A few women, Chori Khul’s neighbors, cram into the room to nod at little Mohammed Zakrullah in a kind of unsurprised resignation. The room smells of urine, dust, manure, and straw. It smells of the acrid smoke from the bukhari and of the opium smoked here—a traditional pastime in this part of Afghanistan, where the narcotic is smoked and drunk with tea as a cure for hunger, the common cold, muscle aches, stomach cramps, and woe. I ask the women if they have seen babies this malnourished in Oqa before.
Oh, yes, yes, they nod. All our babies look like that.
How much weight has Mohammad Zakrullah lost since he was born? His mother shrugs. No one in Oqa owns a scale.
Even if Mohammad Zakrullah pulls through, a centuries-old lifestyle and modern wartime laws already have scripted his life in this village.
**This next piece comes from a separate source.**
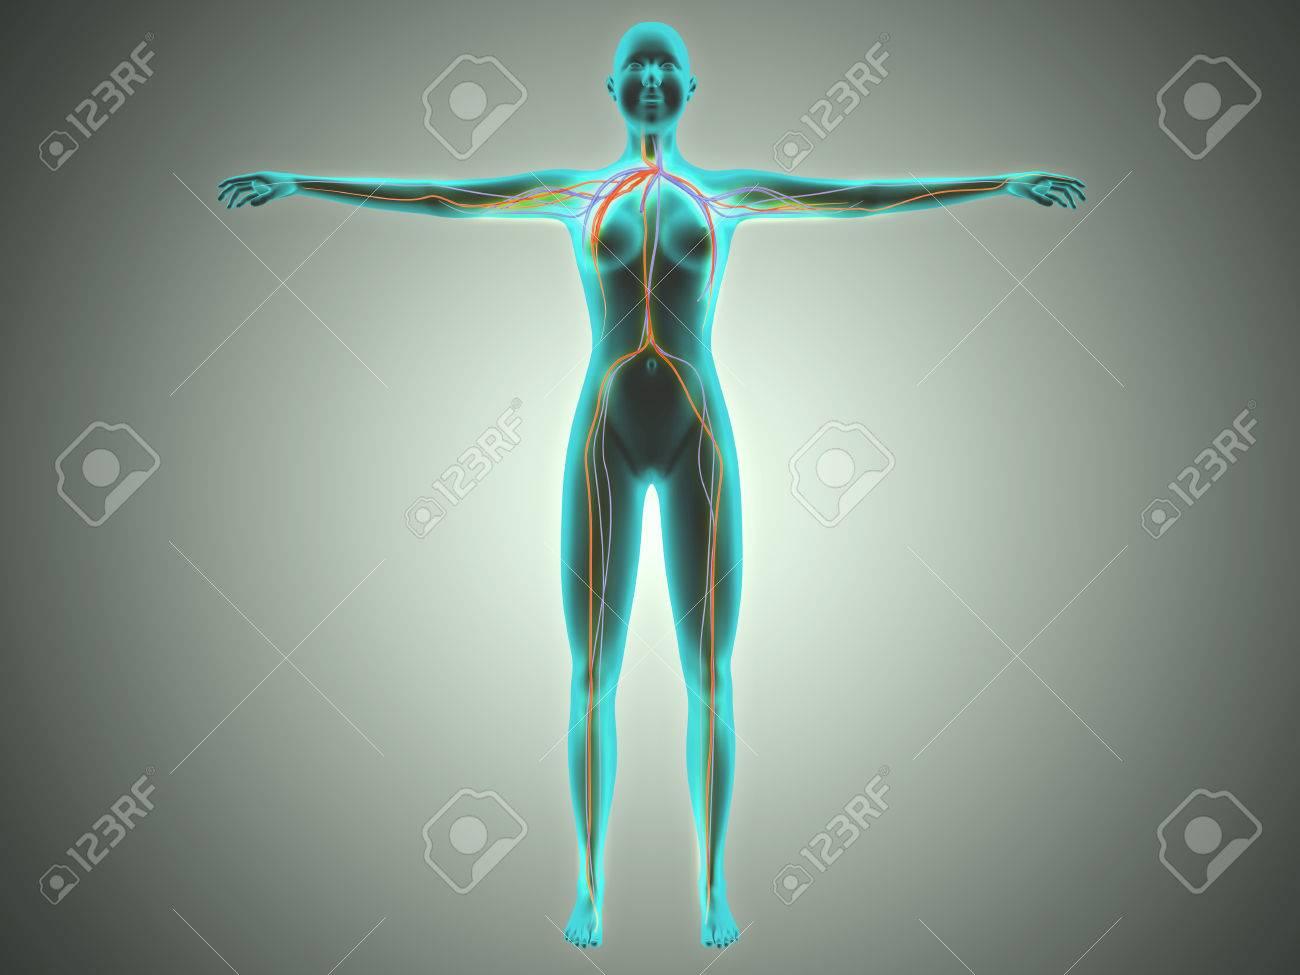 Anatomie Des Weiblichen Körpers Mit Arterien Und Venen. Lizenzfreie ...

As a boy, he will collect tumbleweed under an agonizing sun for sale as firewood in Zadyan. As a man, he will draw murky water by rope out of an open well 75 feet deep. He will never have enough to eat, and his wife will grow old by her second child. He will smoke opium to take his mind off his hardship. But current statistics suggest that his hardship will not last very long: Despite international promises of aid and prosperity, the average life expectancy of Afghan men and women remains 44 years.
Anna Badkhen is the author of Peace Meals and Waiting for the Taliban. She is writing a book about timelessness. Her reporting from Afghanistan is made possible by a grant from the Pulitzer Center on Crisis Reporting.